Notice of Right to File Objections
A copy of this report and recommendation shall be served on all parties in the manner provided by law. Any party who objects to this recommendation or anything in it must, within fourteen (14) days of the date of service of this document, file specific written objections with the Clerk of this Court. See 28 U.S.C. § 636(b)(1); Fed. R. Civ. P. 72(b); S.D. Ala. GenLR 72(c). The parties should note that under Eleventh Circuit Rule 3-1, "[a] party failing to object to a magistrate judge's findings or recommendations contained in a report and recommendation in accordance with the provisions of 28 U.S.C. § 636(b)(1) waives the right to challenge on appeal the district court's order based on unobjected-to factual and legal conclusions if the party was informed of the time period for objecting and the consequences on appeal for failing to object. In the absence of a proper objection, however, the court may review on appeal for plain error, if necessary, "in the interests of justice." 11th Cir.
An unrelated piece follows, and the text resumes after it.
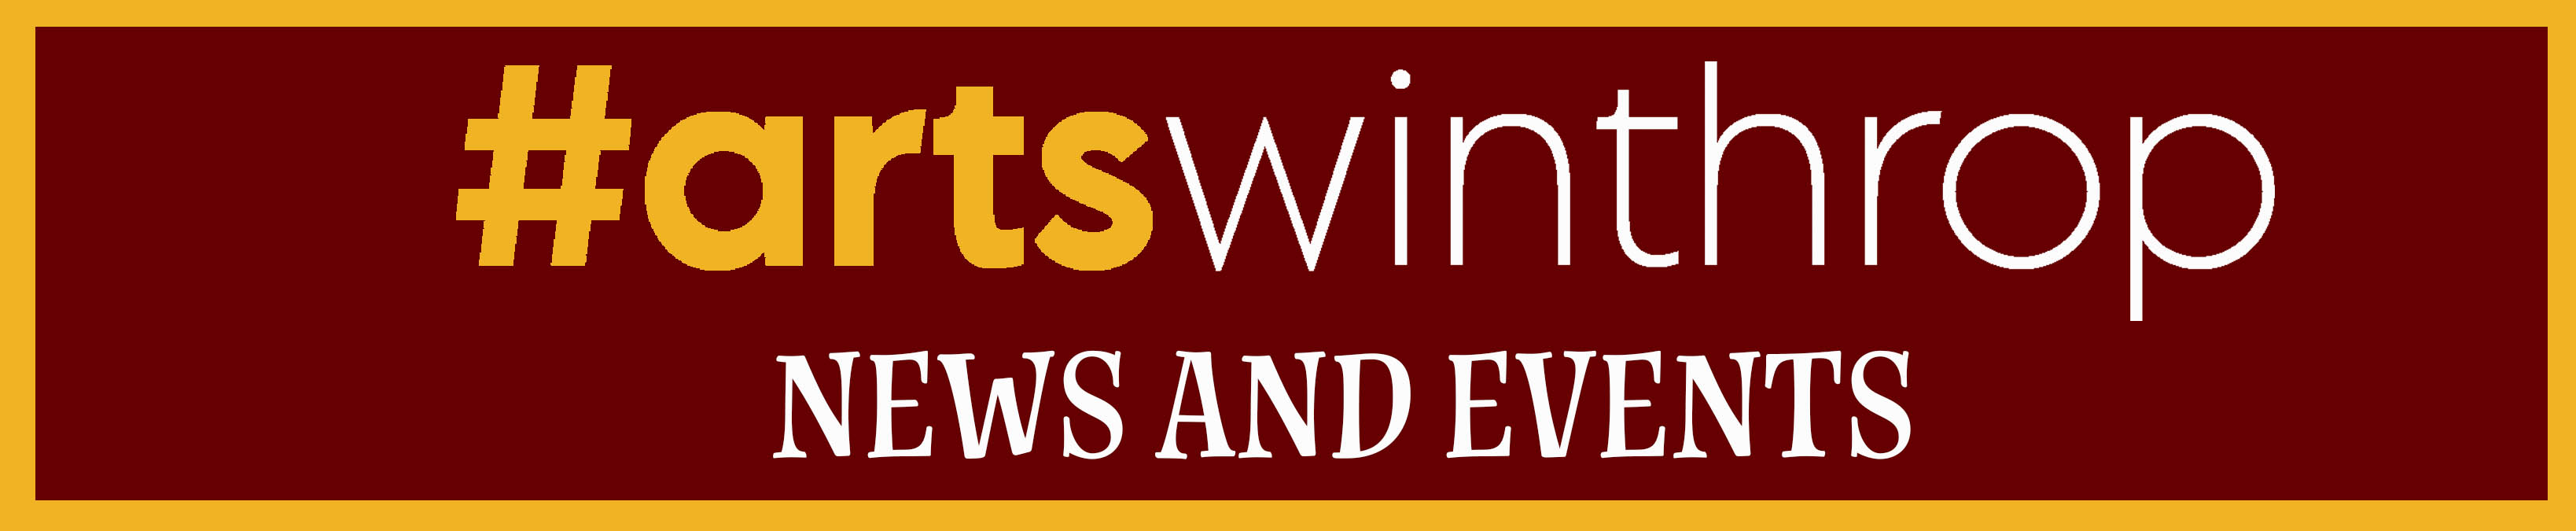 artsWinthrop News and Events

R. 3-1. In order to be specific, an objection must identify the specific finding or recommendation to which objection is made, state the basis for the objection, and specify the place in the Magistrate Judge's report and recommendation where the disputed determination is found. An objection that merely incorporates by reference or refers to the briefing before the Magistrate Judge is not specific.